Suddenly, I was back inside myself.

He stared at me with wild eyes. “Stop,” he said again, quieter. He pivoted on his heel and walked away.

“Tor! I’m sorry.”

He spun and came back toward me, seeming to grow larger with each step. “Never do that again.” He was flushed, his hands clenching convulsively at his sides. “You can’t… You can’t just go into my head like that. It’s too intimate.”

He was obviously upset, but I was too excited about what it meant. “But, Tor, this means it could be true! And if it is, we have to go and help them. I don’t know what the other visions mean, but this is real, and we—”

I was in the darkness again, hurtling down a thread.

Ailith? Are you there?”

“Hello? Pax? How do you know me?” I was in the darkness again, our thread wrapped around me. Tor’s hands gripped my shoulders, keeping me anchored.

“Yes, it’s me. I knew you’d come. We’ve been waiting for you. We’re in trouble.”

“I know. I saw. Where are you?”

“You mean you’re not here? You’re not going to rescue us?” He didn’t sound panicked, only sad.

“No, we’re coming, Pax. We’re coming! Where are you?” Tor’s fingers dug in, making my bones creak.

“I don’t know. In a house. In a town. There is a river. Follow us.”

“Can you be more specific?” The silence was long. Had I lost him again?

“There is a…a windmill? I…”

“Pax? Pax!” He was gone.

“Are you trying to break my back again?” I snapped at Tor. He dropped his hands. My insides churned with nervous energy. “Tor, we have to go. We have to leave here and find them. They need our help.”

“Ailith, look, I want to help them, but we need to be careful. In my opinion, we should wait, try to speak to him again. Find out more information.”

“We don’t have time. We... No, I don’t care. I’m going. You want to stay here? Fine. I’m going, with or without you.” I didn’t want to do that.

The look in his eyes told me he knew I was telling the truth.

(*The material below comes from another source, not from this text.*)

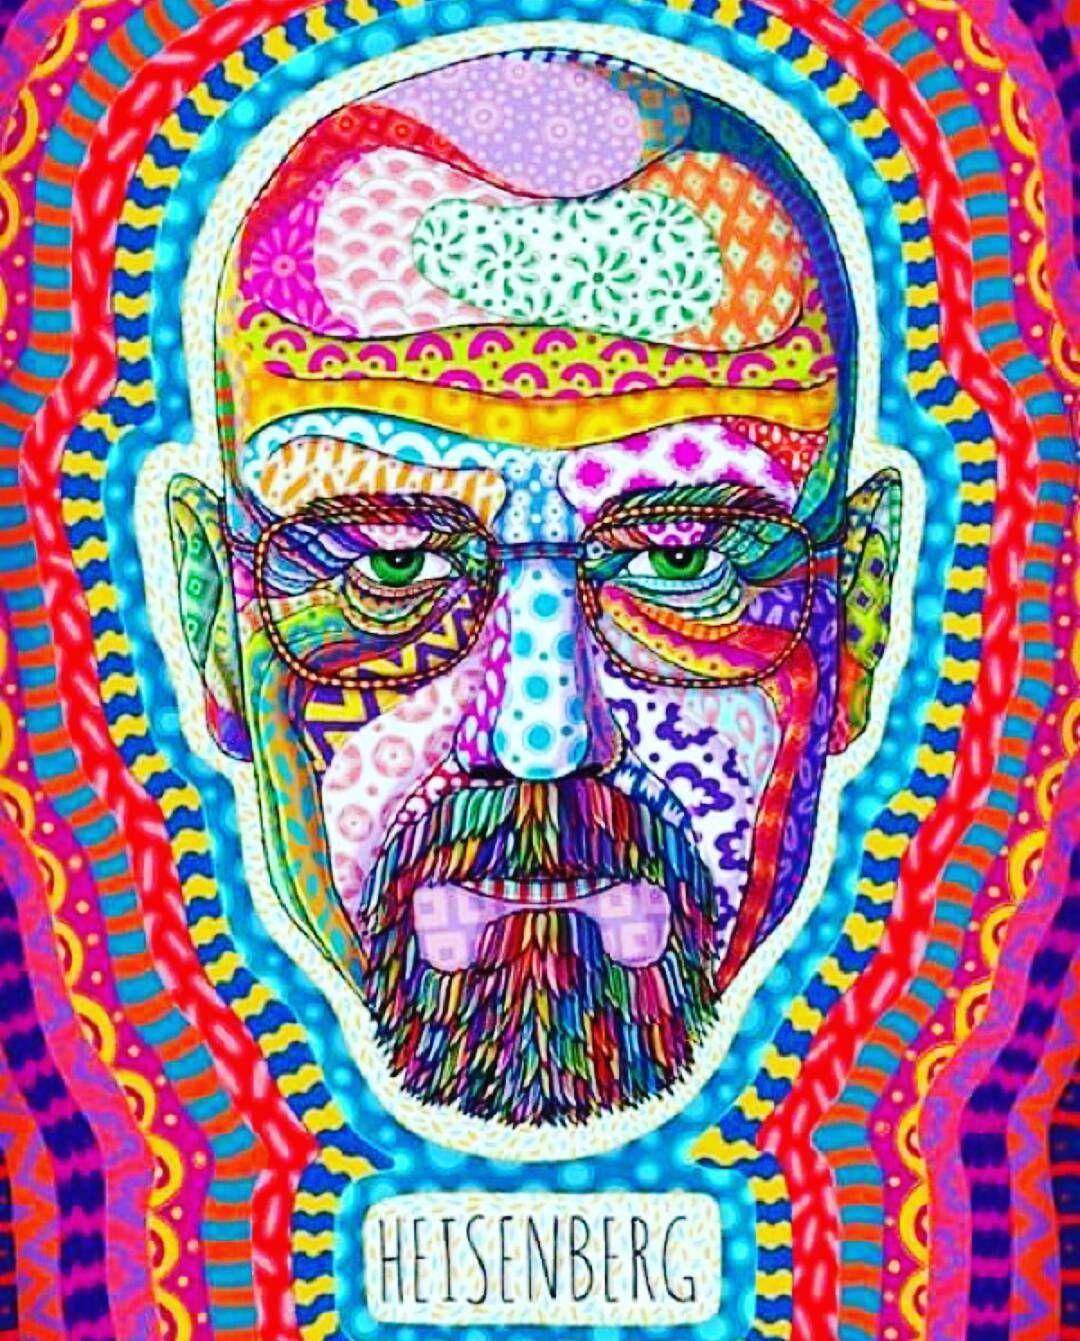 Iphone wallpaper tumblr drugs - Provocative Planet Pics Please Tumblr Com Heisenberg Trippy Cool Art Drugs Acid Lsd Shrooms Weed Maryjane Peace Love Art War Colors Universe
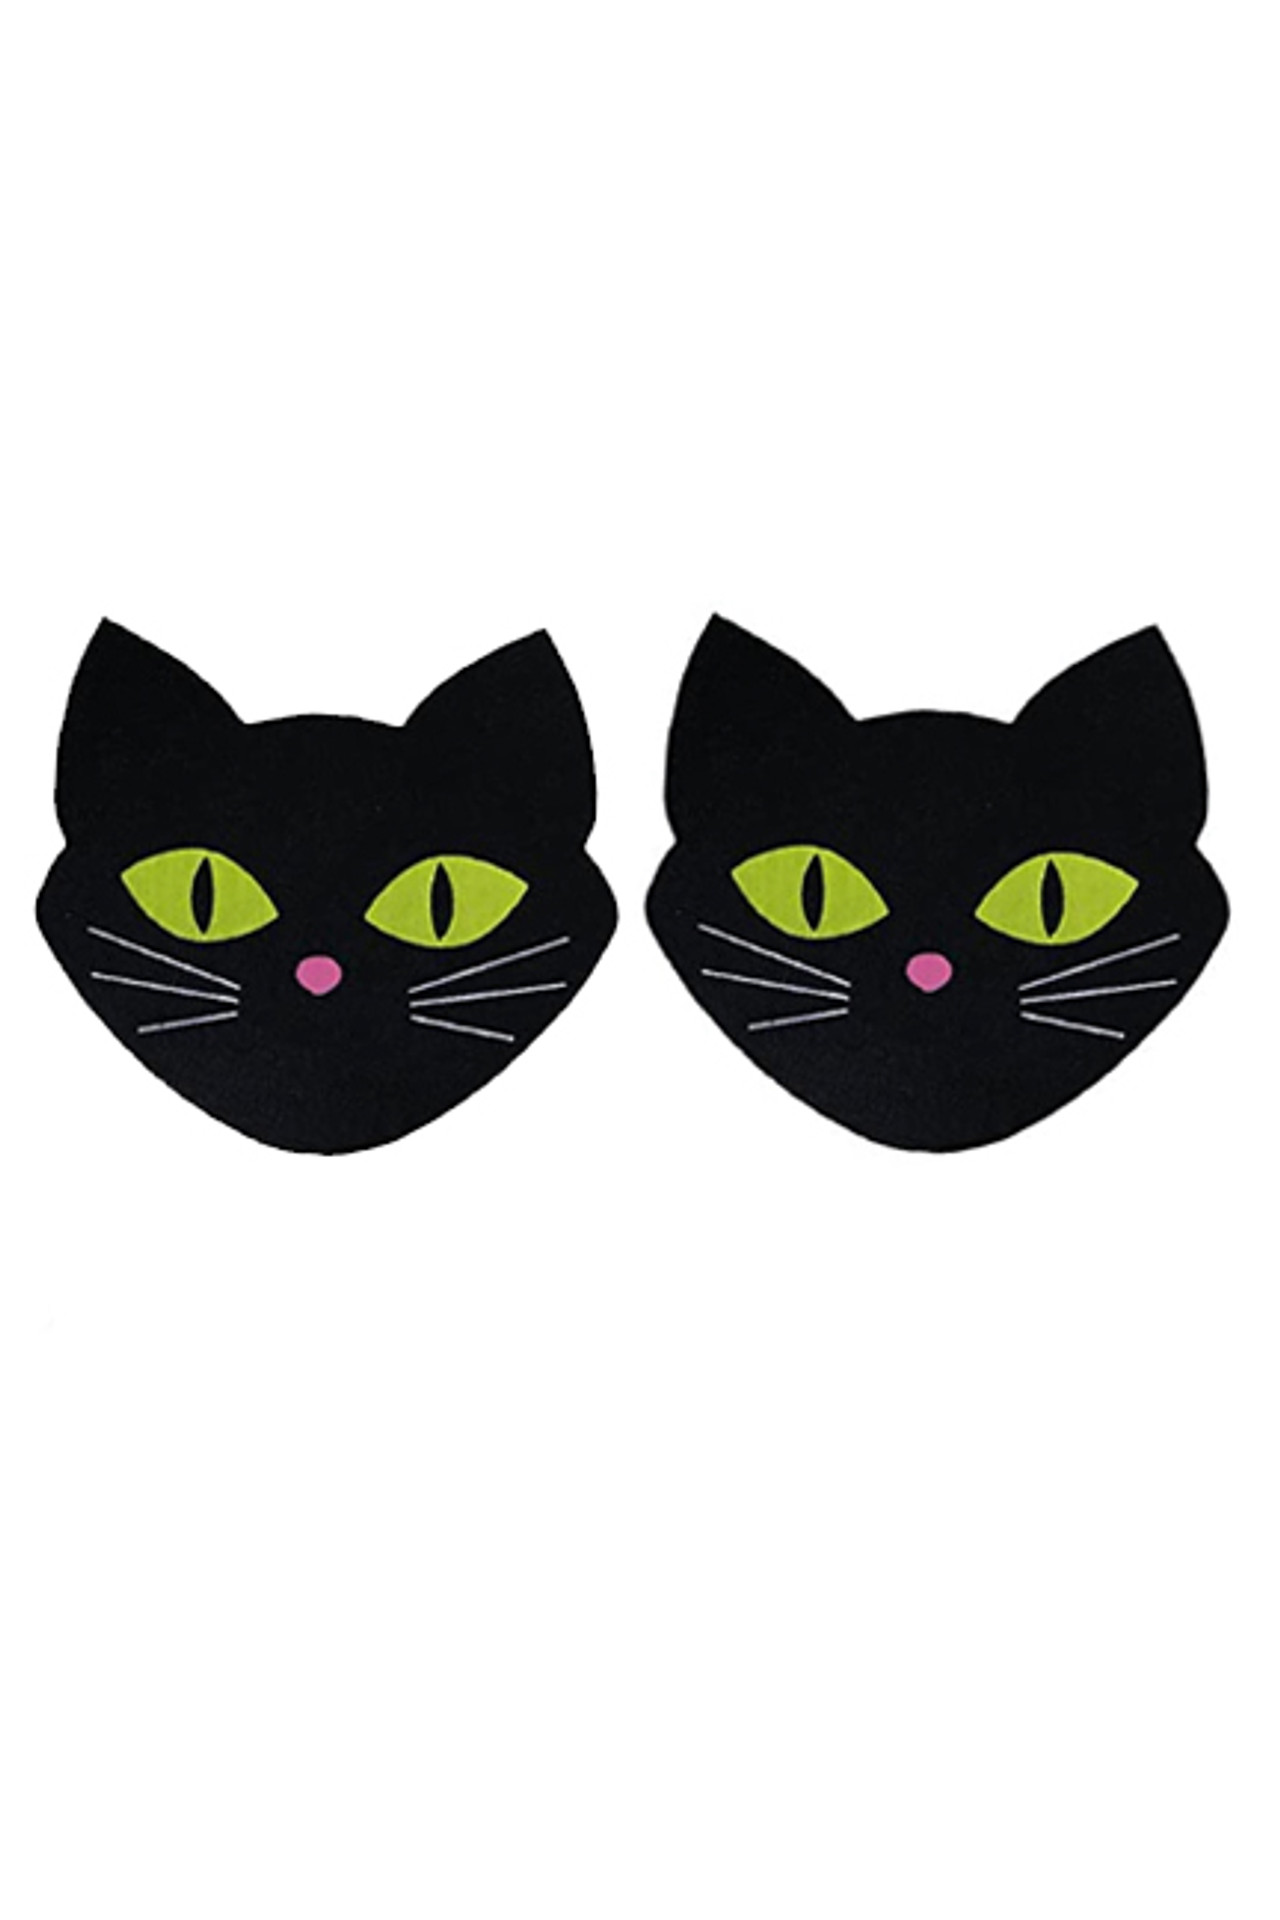 Black Kitty Disposable Nipple Pasties 2 pairs

Knew it and resented it.

He dug his knuckles into his eyes. “Okay. I admit, I’d like some answers. We go, but we don’t rush in blindly, okay? We need to find out what we’re walking into.”

“Great. Let’s go.”

“What? Now? I was thinking more in a few days, once we’ve gathered supplies. We don’t even know where we’re going, do we?”

“No, but I can feel the general direction. We’ll worry about the rest when we’re closer.”

The next connection happened before I saw it coming.

Tor’s voice cut out and another sliced its way in.